2009-09-21 Thread Philip Lowman
On Mon, Sep 21, 2009 at 6:07 AM, Marcel Loose lo...@astron.nl wrote:

 On Sun, 2009-09-20 at 19:32 -0400, Philip Lowman wrote:
  On Sun, Sep 20, 2009 at 3:02 PM, Hendrik Sattler
 
  I'm hesitant to rewrite anything that works, especially if it works on
  platforms I don't have access too. :)
 
  Include  library variables probably could be added if it can be done
  in a safe way with the compile checks already in place.
 
  Not sure on -pthread, we've never added it to our gcc command lines
  before.  Looking at the man page, it's only a compile flag under
  IA-64, RS-6000, PPC, and SPARC.  Would recommending people add it to
  their compiler flags and only rely on the output of
  ${CMAKE_THREAD_LIBS_INIT} for linking be the right thing to do?

 Hmm, don't know if the documentation is correct.

 I tested this on Linux x86_64 (gcc 4.3) and on an old i686 (gcc 3.2). On
 both systems, when I diff the output of 'gcc -E -dM' and 'gcc -E -dM
 -pthread' I get '#define _REENTRANT 1'.

 So, -pthread clearly defines an extra preprocessor variable.

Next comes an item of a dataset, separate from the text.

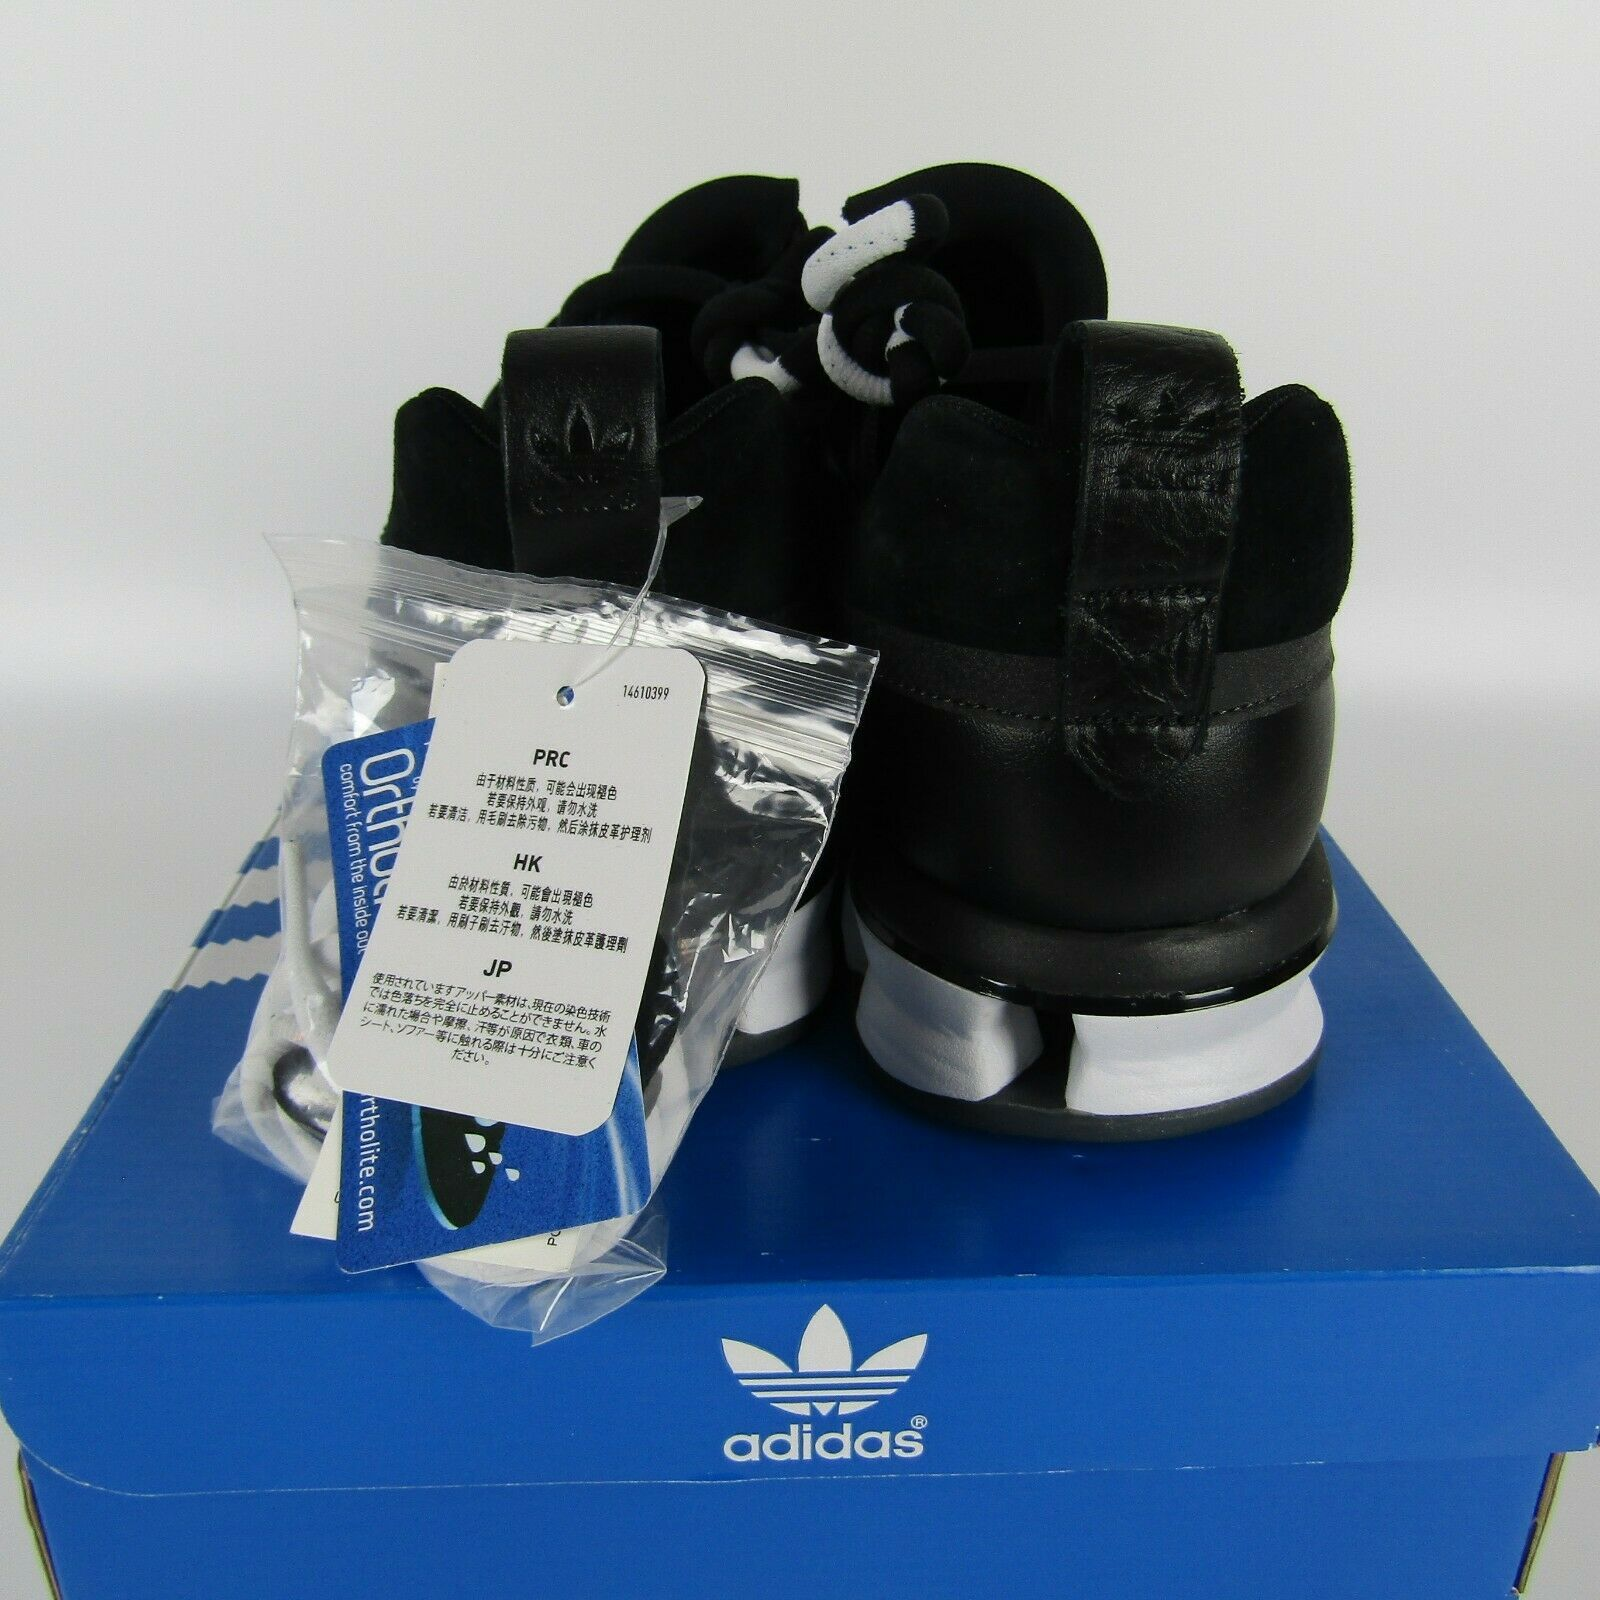 Adidas Twinstrike Adv Elástico Cuero Casual Zapatos Negros Blanco B28015 Size 13 image 5

We've always defined _REENTRANT manually and specified -lpthread but looking
into this further I'm guessing we're just getting lucky since we've never
built on platforms where this doesn't work.

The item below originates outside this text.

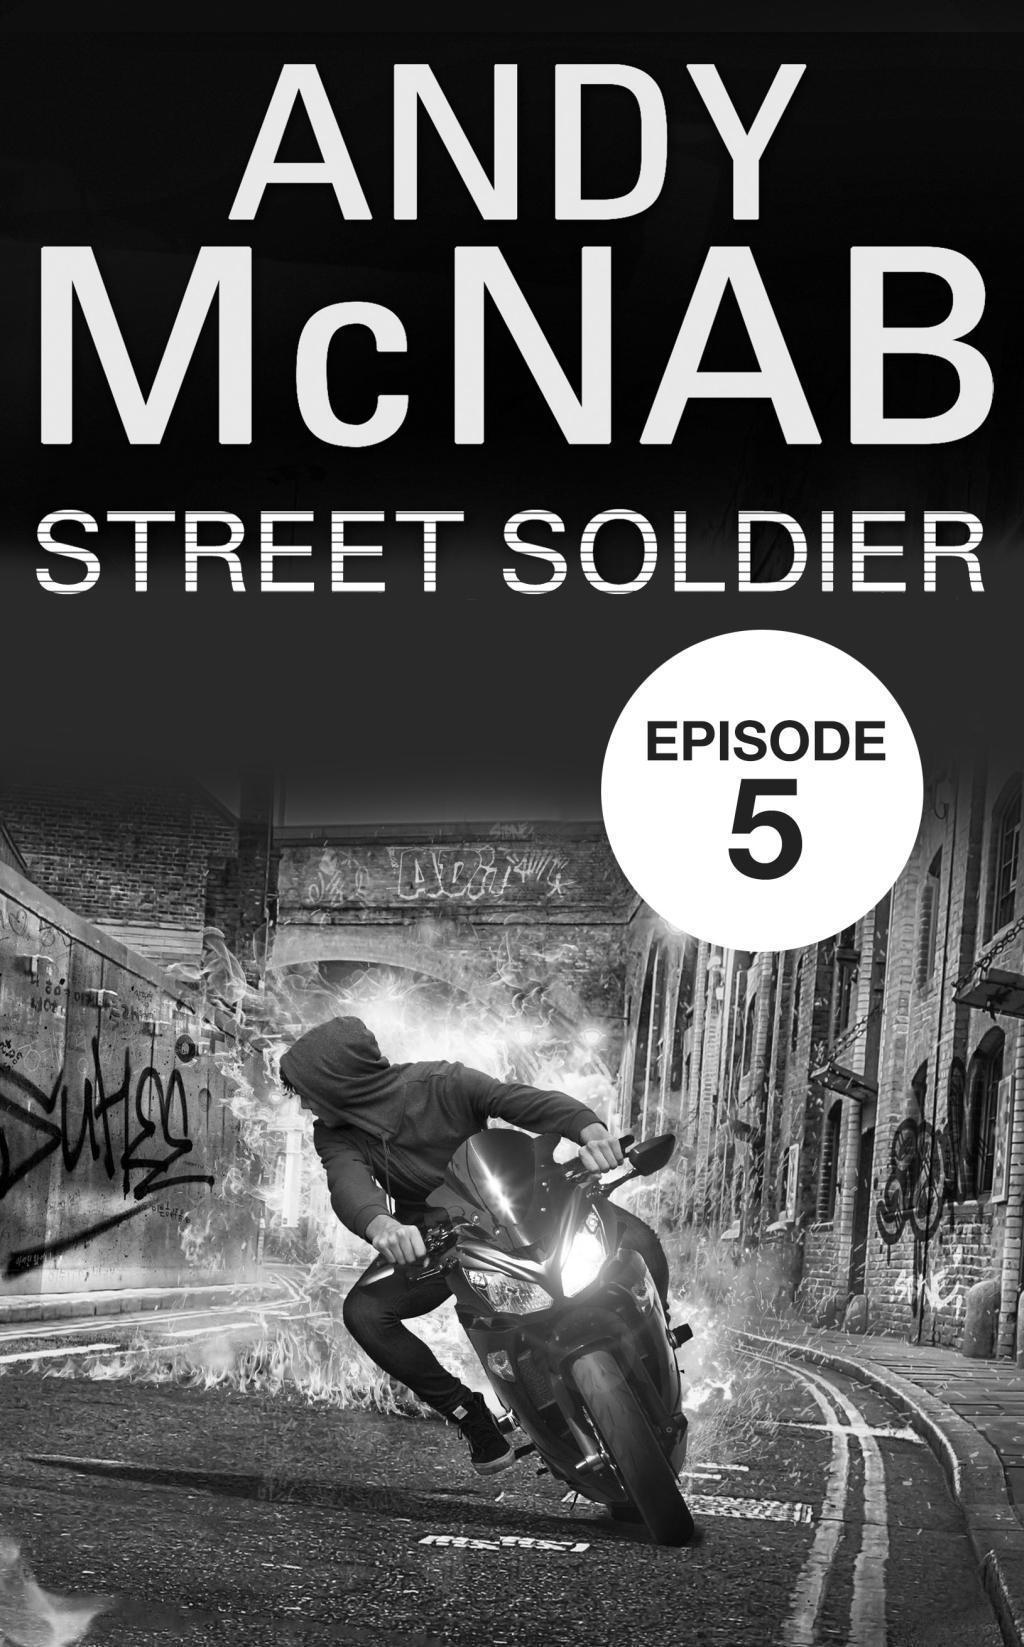 Street Soldier: Episode 5

http://stackoverflow.com/questions/875789/gcc-do-i-need-dreentrant-with-pthreads

Also regarding the lack of a global -pthread in the docs, this post was kind
of illuminating.

http://lists.freebsd.org/pipermail/freebsd-threads/2003-September/001202.html

So the gist of it is, if your only Unix compiler is gcc and if you add
-pthread to your CMAKE_C_FLAGS/CMAKE_CXX_FLAGS you really have no need for
FindThreads at all, as far as I can tell.